Quote: “And in terms of the power sharing, the whole ethos behind the programme is that there's that shared power and shared decision-making. So not only are we pushing out messages, but we're listening really actively as well, so that we can then shift and change services. So, listening about which venues work well, listening about what kind of other health needs people might want to have met at those vaccination sessions, listening around what some of the barriers might beI think it would. I think it would help make the programme more appropriately designed to engage more people across the communities, because there'd been that codesign early in the process.” (Programme Lead)

Involving community members helps to create a sense of ownership and empowerment within the community. When community members are involved in programmes, they are more likely to feel invested in their success and take an active role in their implementation. Research on community-led responses to the COVID-19 crisis shows that local expertise can help reach vulnerable groups, direct help to where it is needed most, and extend the reach of traditional services (36). Consequently, a potential longer-term benefit, particularly from the CPAR programme, is that insights from the local expertise of the community members interviewed have the potential to improve future services and programmes, which would leave a legacy of community engagement in the city.

Demi-regularity 5: Community representation and leadership (selected programme theories: 3a and 16)

Community representation and leadership in champion and peer researcher programmes can help to overcome barriers to access and uptake of the programmes. This is supported by an evaluation of community-led responses to COVID-19, which showed that local leadership can be crucial in empowering action and coordination efforts through strong existing networks (36).

Quote: “I mean because people relate to people that they think are like them don’t they? We all do that naturally, whether we recognise it or not, we do. We’re drawn to people with whom we feel relaxed I guess because they’re most similar to us and that might be for a whole variety of different things. It might be age, it might be geographical situation, it might be economic variants, it might be, you know, ethnicity, faith, all those things that make us feel comfortable and confident with particular people.” (Vaccine Champion representative)
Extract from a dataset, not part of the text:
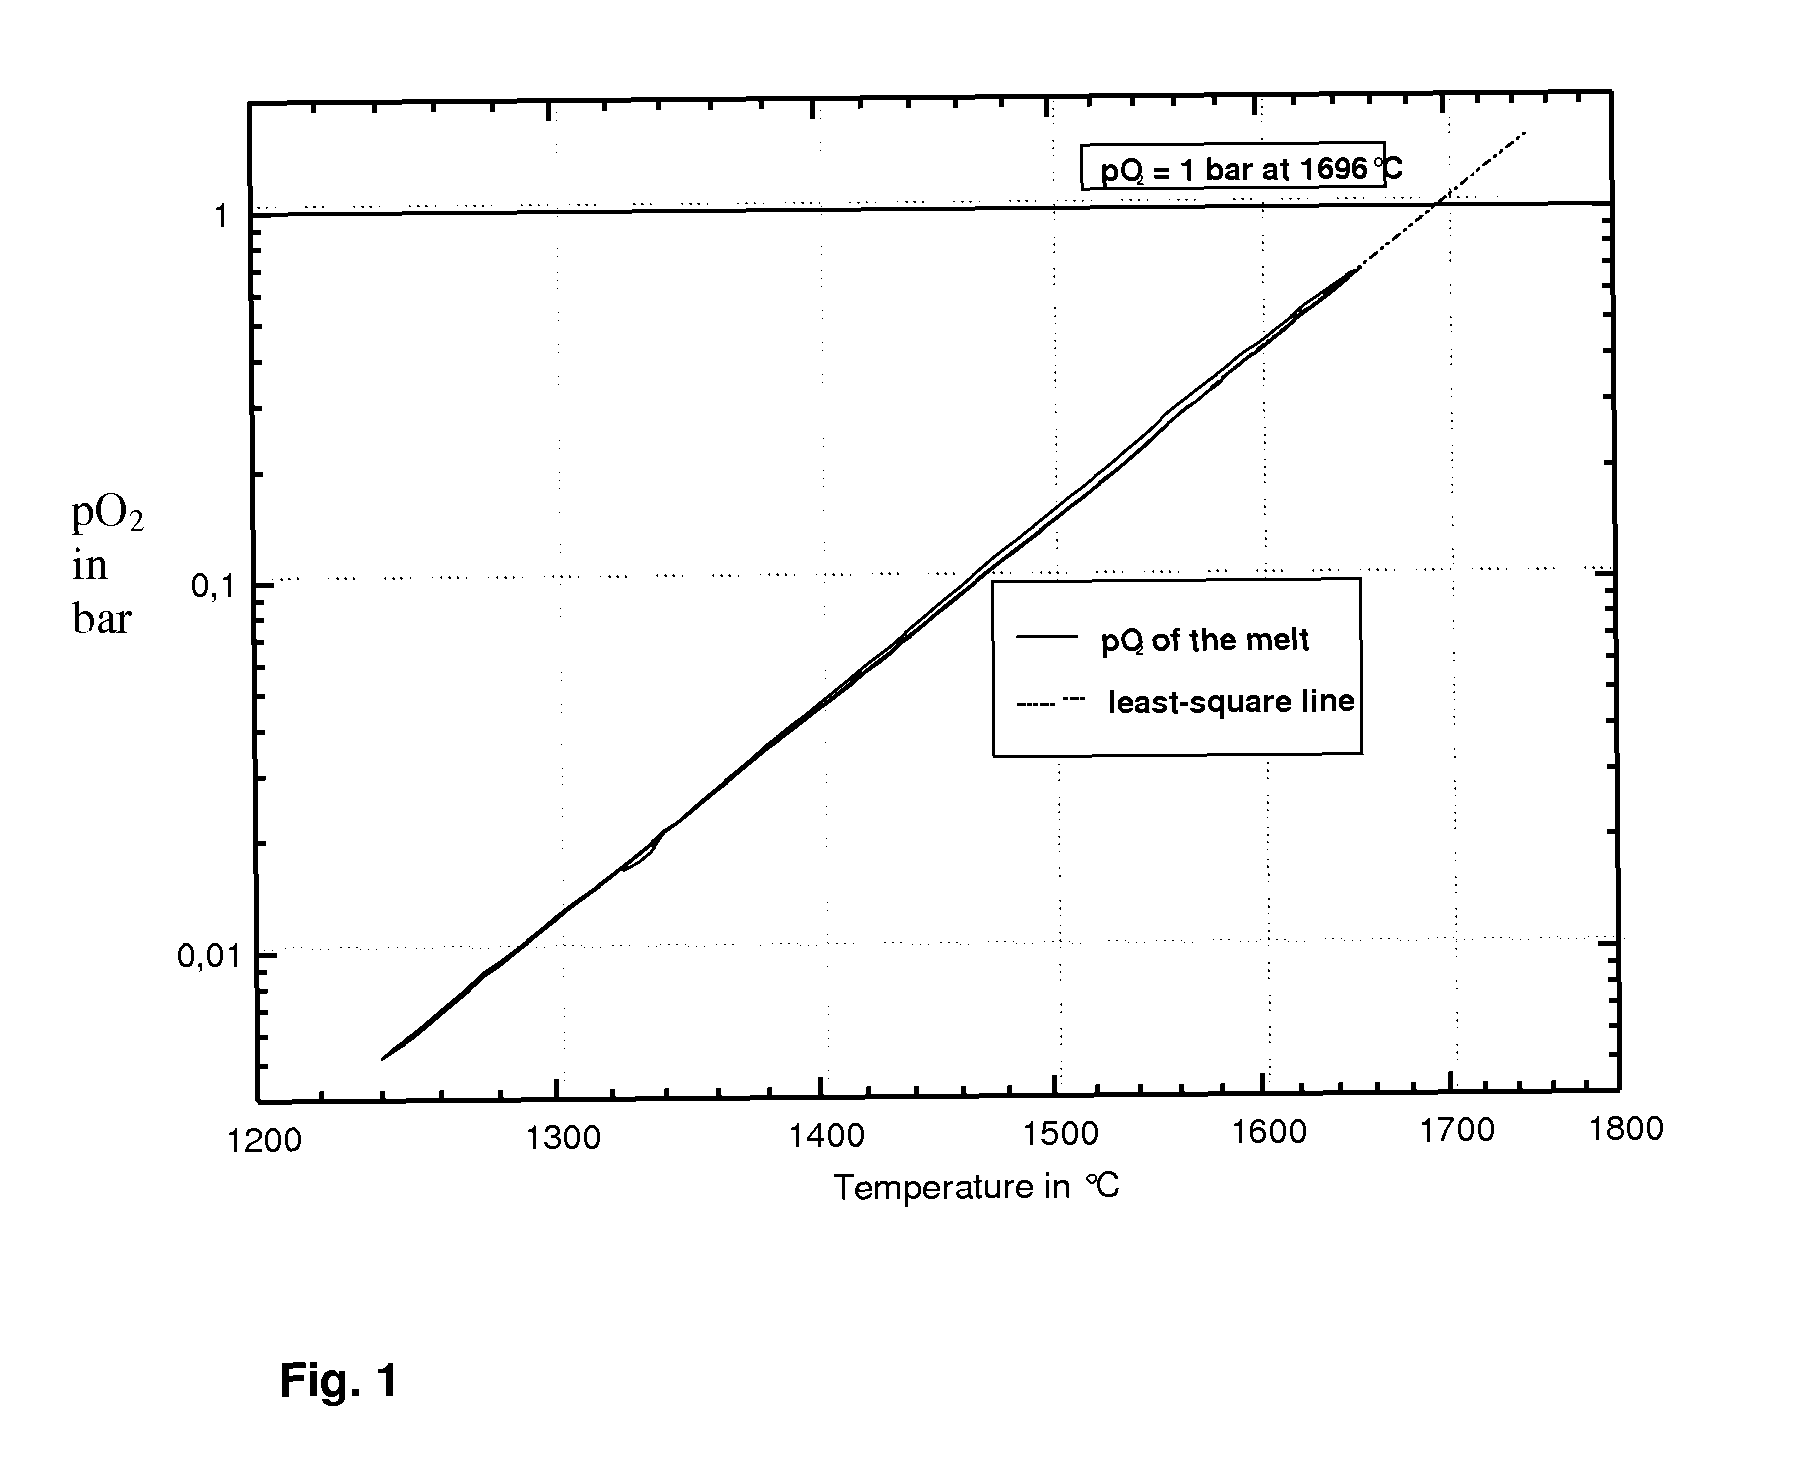 Transparent, dyed cooktop having improved color display capability, and method for producing such a cooktop

Quote: “Then when I went to the mosque, they did say it’s good and you should get it done and, you know, everyone needs to get it done and they did give good advice, and then I just feel more confident about getting it done.” (Community member)

Community leaders and representatives can provide insight into the specific challenges and concerns of the community, which can help to shape the development and implementation of current, and future programmes. Research on sustained community partnerships highlights the importance of shared leadership, and the perception that leaders are trustworthy and represent community interests (15). Community representation and leadership helped the champion and peer researcher programme goals align with the needs and values of the community. There were also instances in which community leaders and representatives served as role models, helping to build trust and promote vaccination uptake in the community.
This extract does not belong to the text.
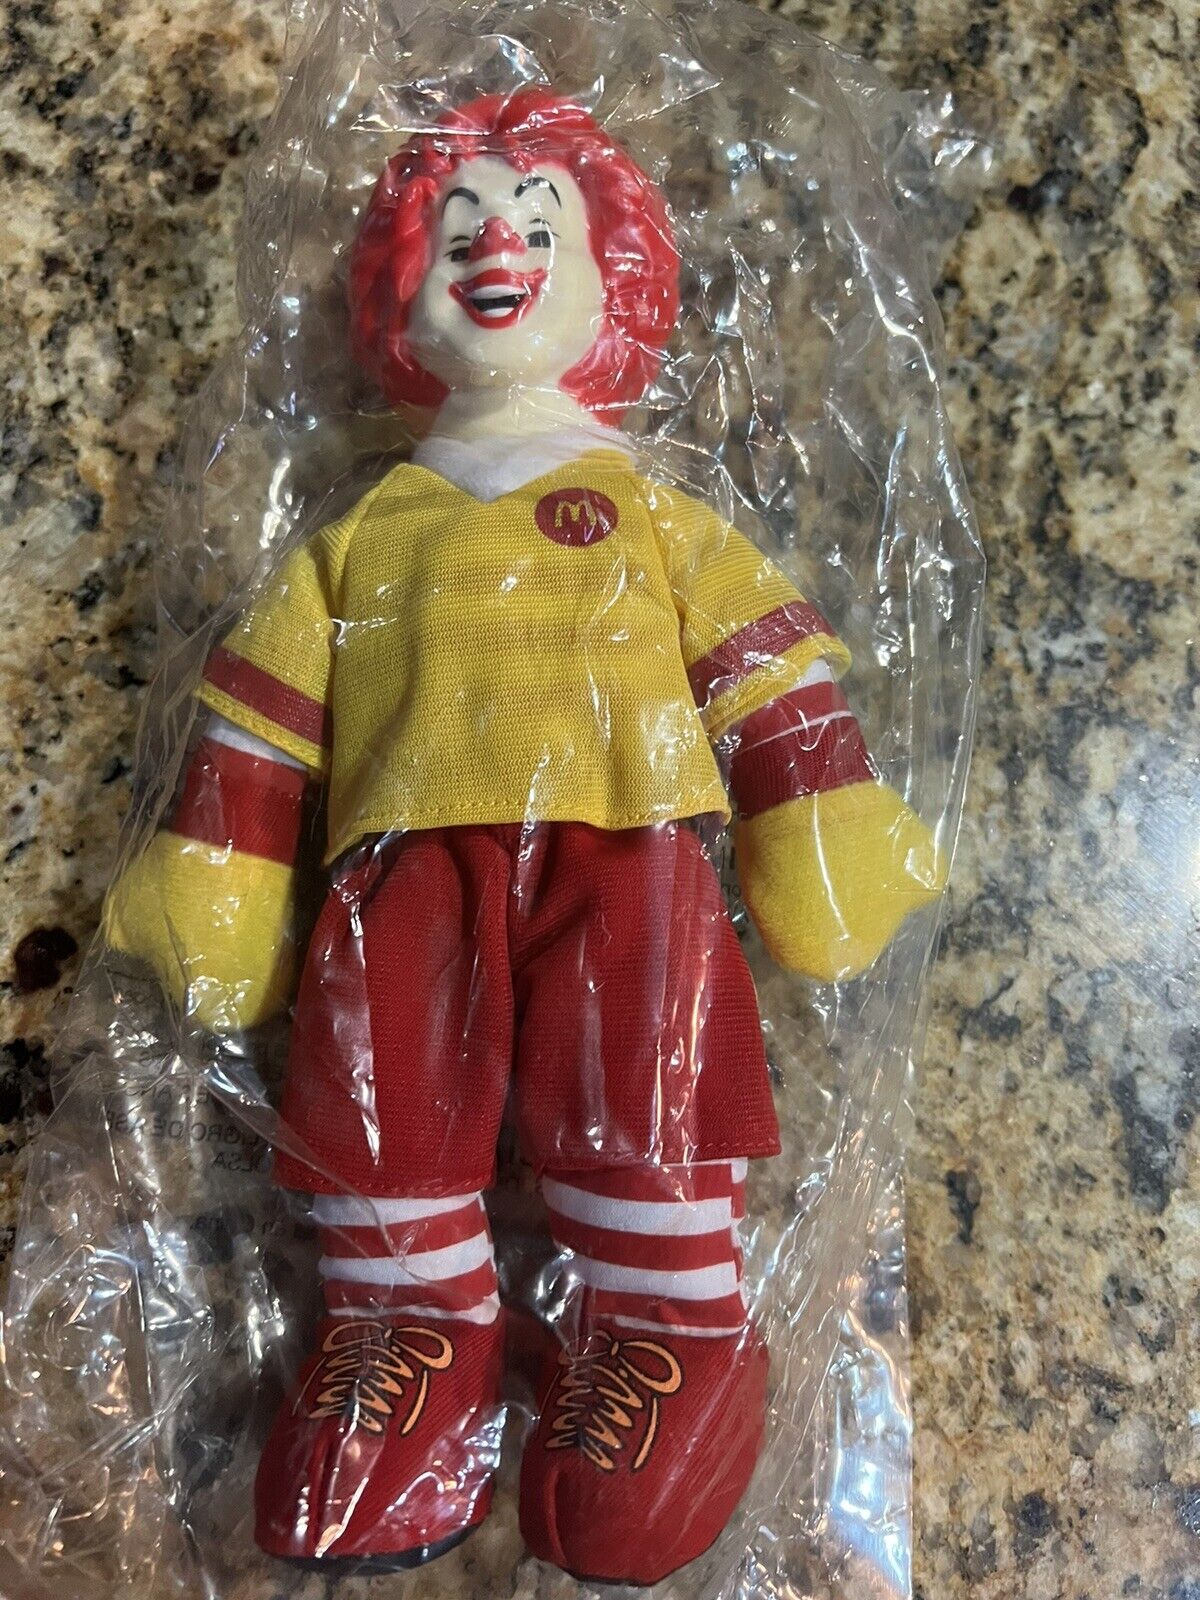 Ronald McDonald Vintage 10” Doll with a Vinyl Head. Vary Rare. In Original Pack

Quote: “I had my jab in front of them, and that was a good example. So, one of them, and no one was going up, so I went first and just did it because, for me, it's safe, it's good, and no one's trying to do anything… I believe it's right. So, when people trust you, some of them will come forward, and others will still be reserved and may not. But I think it's important for those champion leaders to be there, but in order to do that, you would have to have built up trust over years and years of that community. So, 14 years of running a breakfast and homeless, they trust you, they love you, so they know, and that's the way that you can, not entice them, and I wasn't saying they had to have it, or didn't have to have it, it's their choice, but it was safe to do it. And they know I'm not trying – there's nothing in it for me.” (Vaccine champion representative)
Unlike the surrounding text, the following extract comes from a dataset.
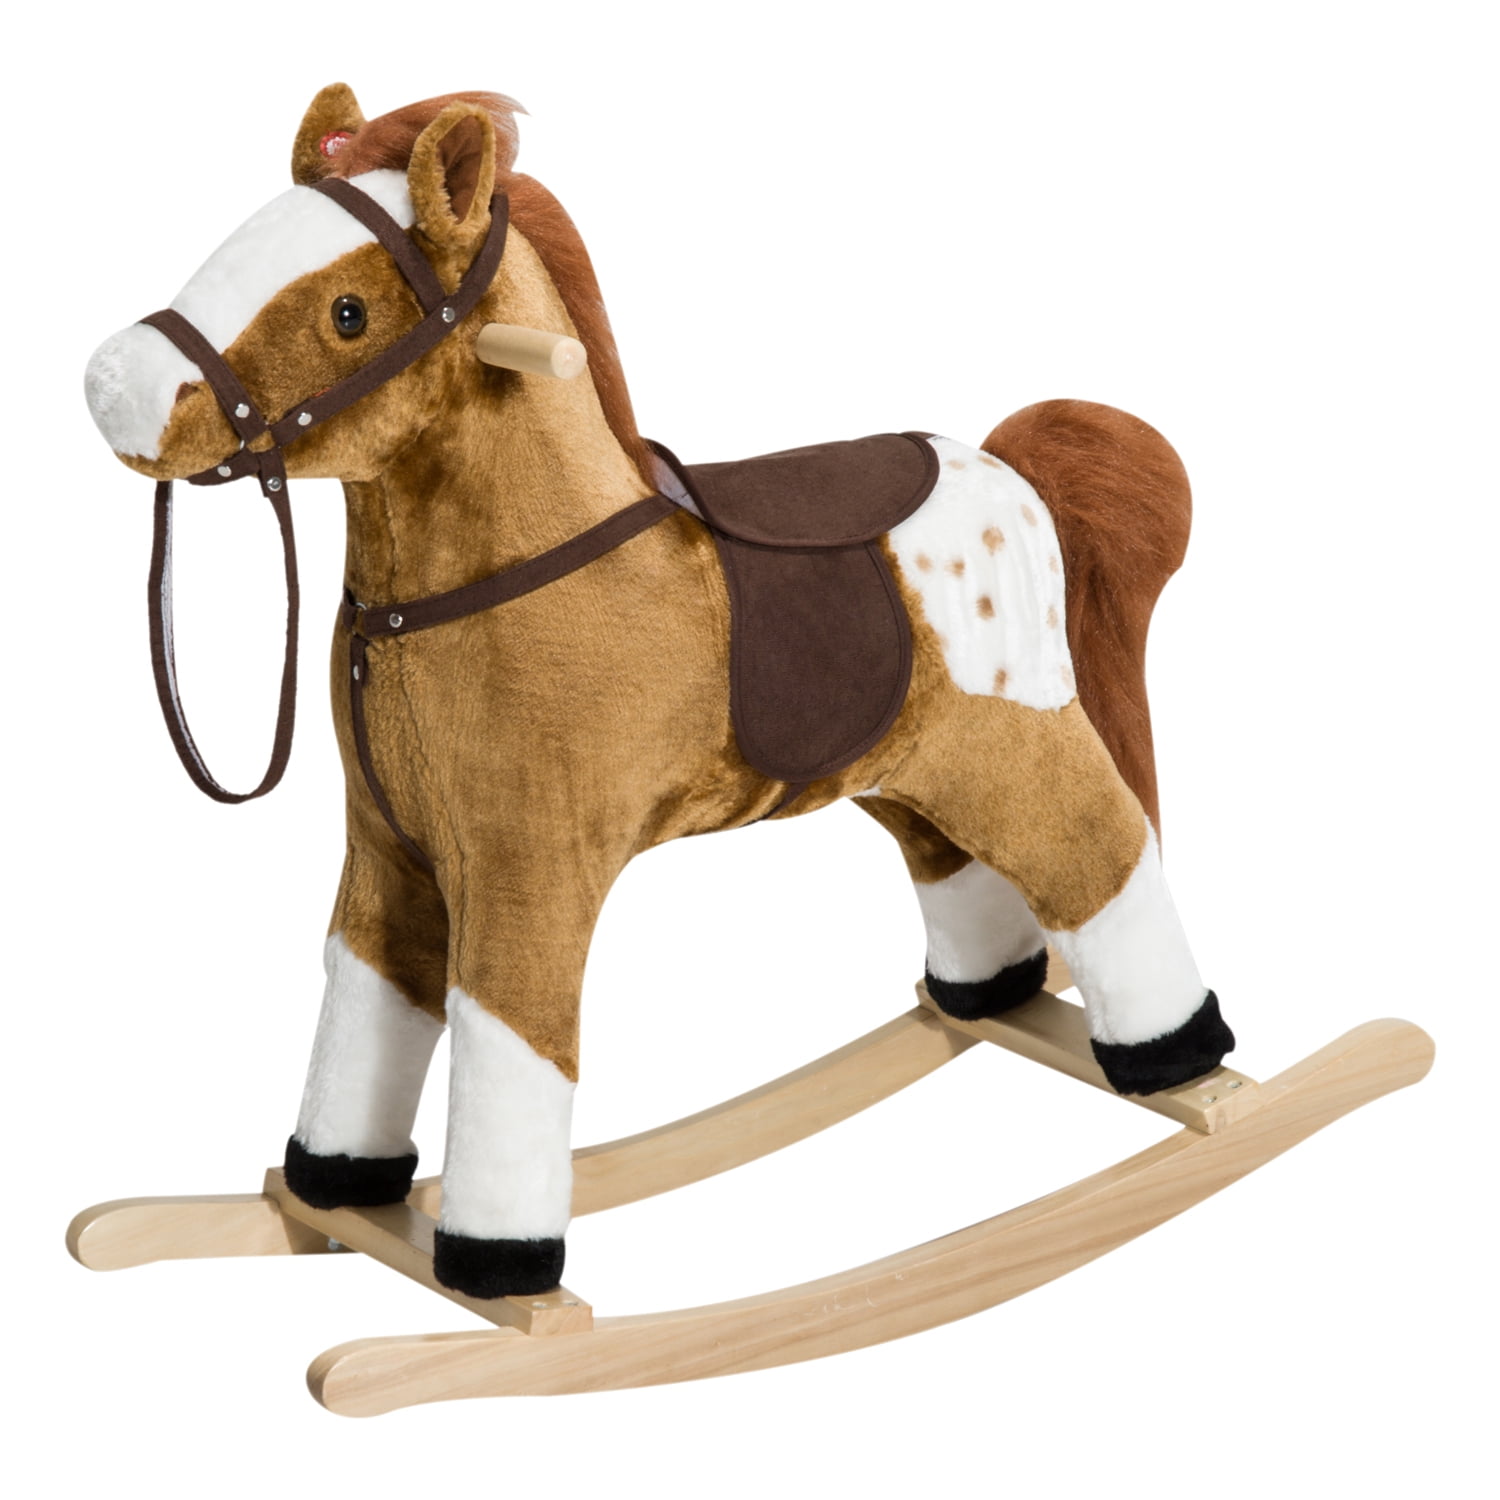 iBonny Stuffed Animal Plush Pony Toy My First Pony Walk Along Toy Realistic Walking Actions with Horse Sounds and Music Brown

Representation has been shown to be important both in previous research and from the data collected for this evaluation. The organisations involved in the Vaccine Champion and CPAR programmes represented leaders in their community, but the demographics of the COVID-19 champions, presented in the funding and resource section, suggest that recruitment of volunteers for this programme lacked diversity and may have struggled to fully represent the target groups.

Demi-regularity 6: Appropriate communication and information sharing (selected programme theories: 12 and 15)

Culturally appropriate communication ensures that everyone understands the benefits of vaccination and feels comfortable making an informed choice about getting vaccinated (or not). Research focused on addressing vaccine hesitancy recommends the use of culturally relevant information from trusted sources, available in multiple languages (30). However, it is important to acknowledge that even with optimal communication and access to information, not all individuals will be persuaded to get vaccinated. Hence, it is the responsibility of champions to foster an environment that facilitates informed decision-making, rather than attempting to change individual viewpoints about vaccination.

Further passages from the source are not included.